# ok so I just discovered I shoulda intro'd myself



## necromantica (Oct 2, 2008)

Ok Ive made a few posts but I finally realized their was an intro area sooo I might as well do one.

My names kristie Im 20, I am a mother to a 1 year old boy.

I currently posses what seems like a farm in my house lol.

I have breeder snails "weird but true"

catfish

dinosaur fish "trying to breed but no success yet"

2 dogs a male pomeranian and a male chihuahua

4 chinchillas "was trying to breed but my male went nutts and is i.s.o'd now so no breeding will ever come of them just wonderful pets"

mantids-4 euros currently

2 iguanas

a blizzard corn snake

2 garter snakes

and last but not least a hedgehog lol.

Im just a big animal lover and like to have the company being a stay at home mom i like the extra tid bits to do.

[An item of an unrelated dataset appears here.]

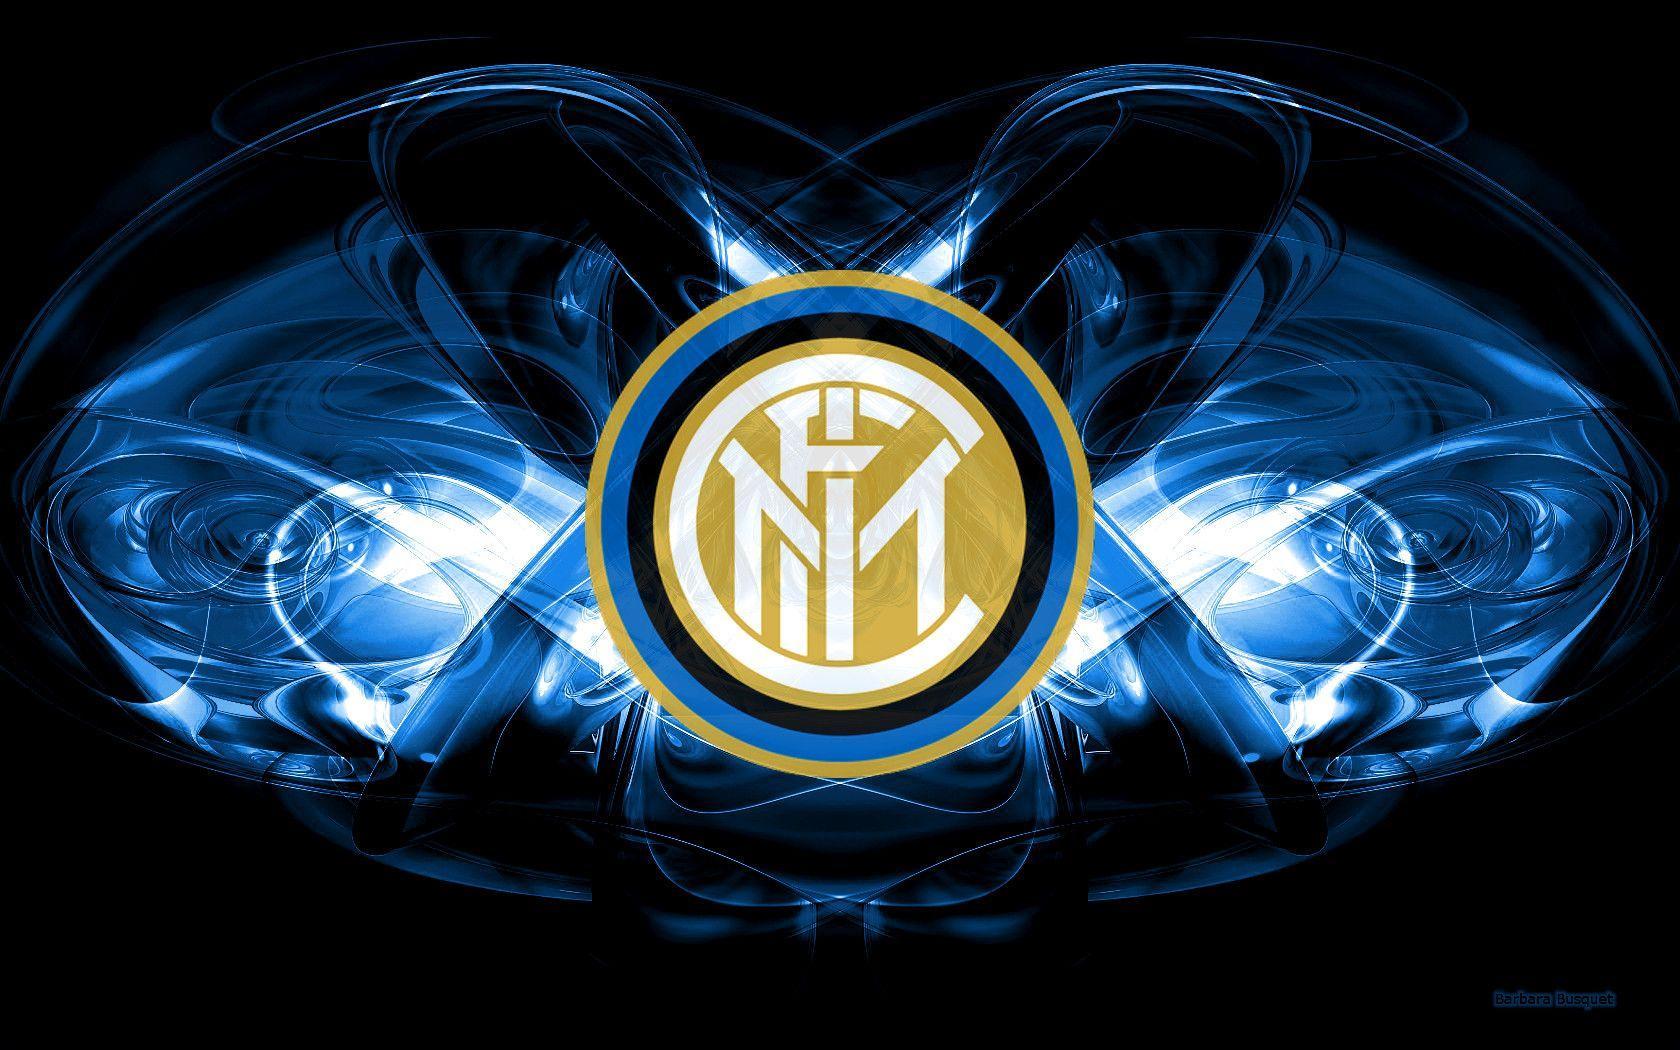 Inter Milan 2018 Wallpapers Wallpaper Cave
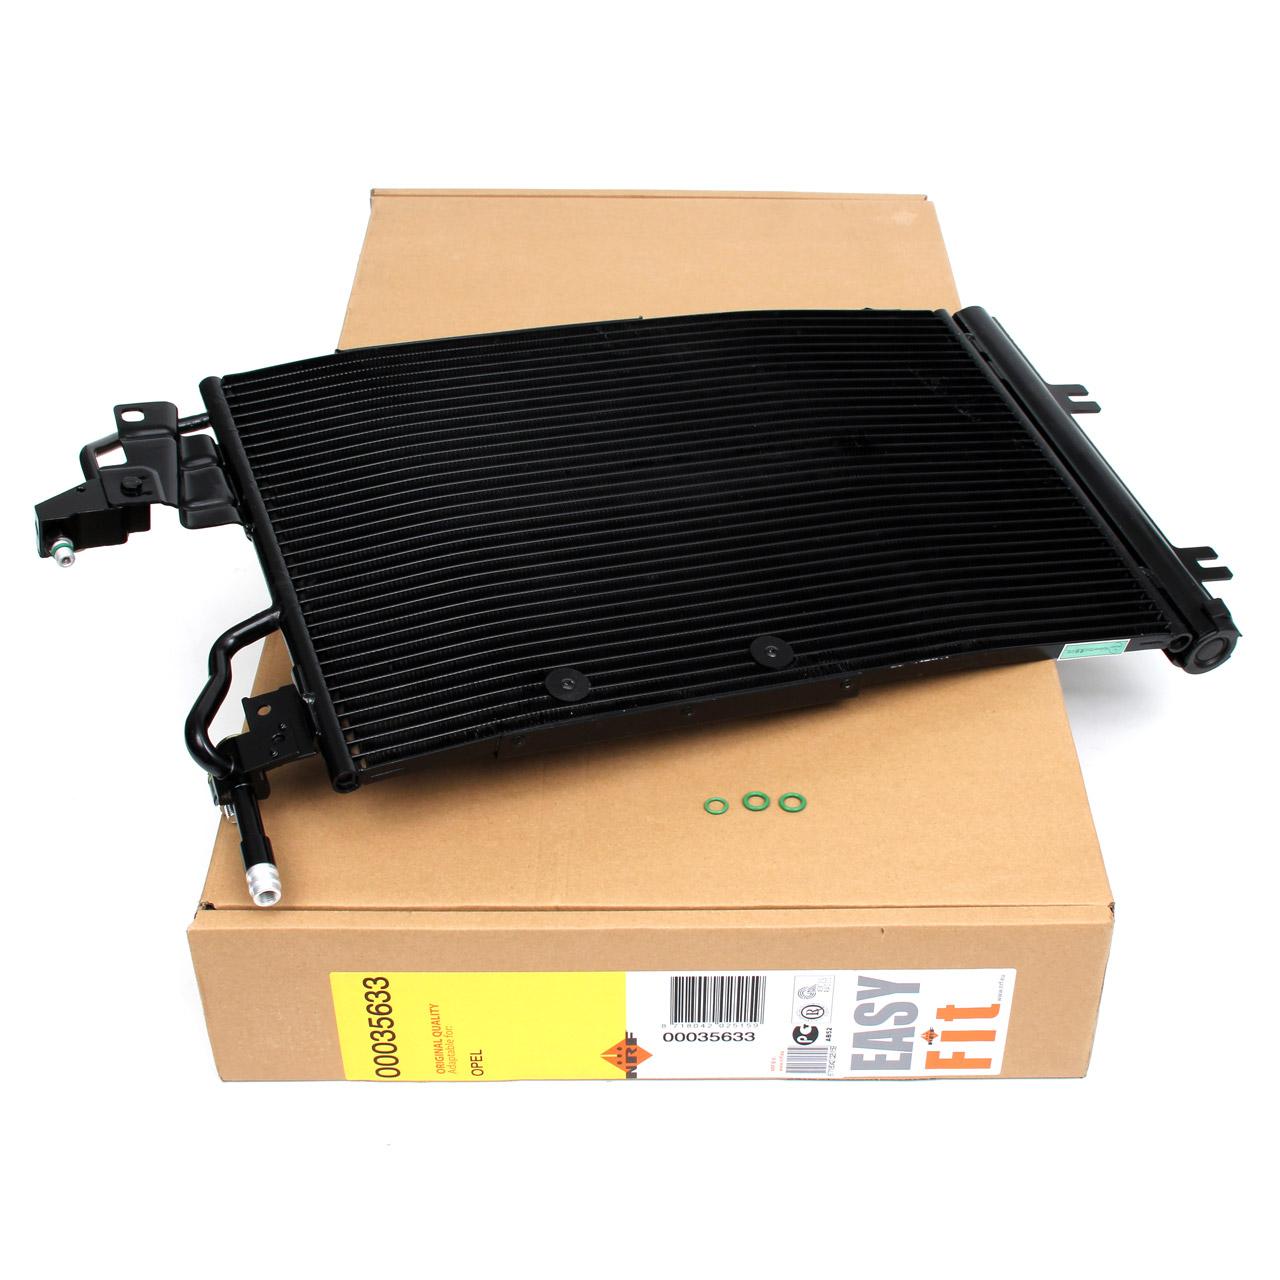 NRF 35633 Kondensator Klimakondensator EASY FIT OPEL Astra H A04 L70 Zafira B A05 13171592

I was also in the past running an at home rescue for reptiles of all kinds but stopped after I became pregnant. So if anyone needs reptile advice I know about all their is to know lol.


----------



## The_Asa (Oct 2, 2008)

Hey, welcome to the forum!


----------



## hibiscusmile (Oct 3, 2008)

welcome to the forum, from OHIO,


----------



## AikoAiko (Oct 3, 2008)

Welcome to the forum from Colorado.

I have a little boy as well (he's two), and am five months pregnant with another baby boy. What does your little one think of all your reptiles and bugs? Mine prefers to admire my mantises from a distance, it scares him when they move, lol.


----------



## OGIGA (Oct 27, 2008)

Welcome!


----------



## Rick (Oct 28, 2008)

Welcome. Never too late to make an intro.


----------